Click on the colored dots to explore allocations.

The portfolio can be optimized using the Efficient Frontier, which identifies the best possible risk-return ratio. This optimization focuses on reallocating existing assets to maximize returns for a given level of risk. While the current allocation is well-balanced, exploring potential adjustments could enhance efficiency. Consider whether optimizing the portfolio aligns with your financial goals, as changes could improve performance without increasing risk, contributing to a more strategic investment approach.

Dividends Info

  • Direxion Auspice Broad Commodity Strategy ETF 3.30%
  • iShares® 0-3 Month Treasury Bond ETF 5.10%
  • Vanguard Total Stock Market Index Fund ETF Shares 0.90%
  • Vanguard Total International Stock Index Fund ETF Shares 1.70%
  • The Real Estate Select Sector SPDR Fund 2.40%
  • Weighted yield (per year) 1.46%

The portfolio's dividend yield is 1.46%, with contributions from various ETFs. Dividends provide a steady income stream, which can be reinvested for growth or used for income. This yield is moderate and aligns with a cautious risk profile, offering some protection against market volatility. Consider whether the current dividend strategy meets your financial needs, as adjusting the focus on income versus growth could enhance alignment with your investment goals.

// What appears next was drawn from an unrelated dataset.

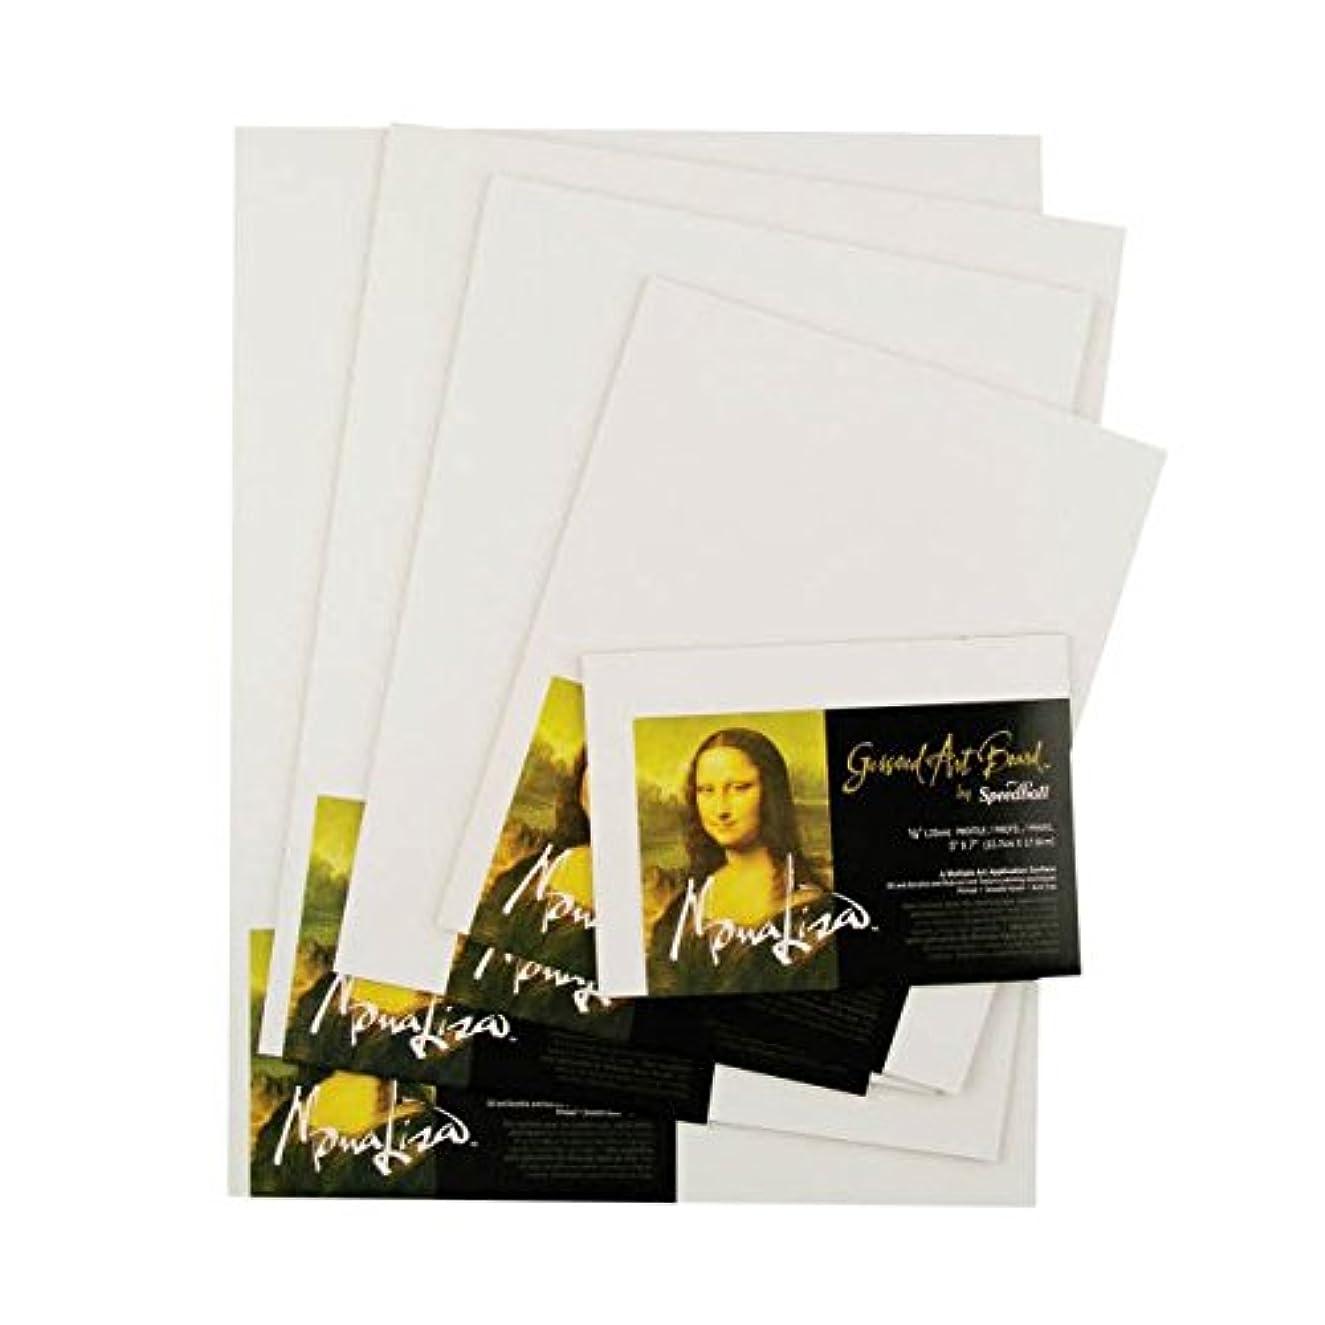 Speedball 854-1027 10309 Mona Lisa 14-Inch-by-18-Inch Gessoed Art Board

Ongoing product costs Info

  • Direxion Auspice Broad Commodity Strategy ETF 0.80%
  • iShares® 0-3 Month Treasury Bond ETF 0.07%
  • WisdomTree Bloomberg U.S. Dollar Bullish Fund 0.50%
  • Vanguard Total Stock Market Index Fund ETF Shares 0.03%
  • Vanguard Total International Stock Index Fund ETF Shares 0.08%
  • The Real Estate Select Sector SPDR Fund 0.09%
  • Weighted costs total (per year) 0.17%

The portfolio's total expense ratio (TER) is 0.17%, which is relatively low and supports better long-term performance by minimizing costs. Lower fees mean more of your investment's returns are retained, enhancing compounding benefits over time. This cost efficiency aligns well with best practices for portfolio management. Regularly reviewing fees and exploring lower-cost alternatives can help maintain cost-effectiveness and improve overall returns, contributing to a more efficient investment strategy.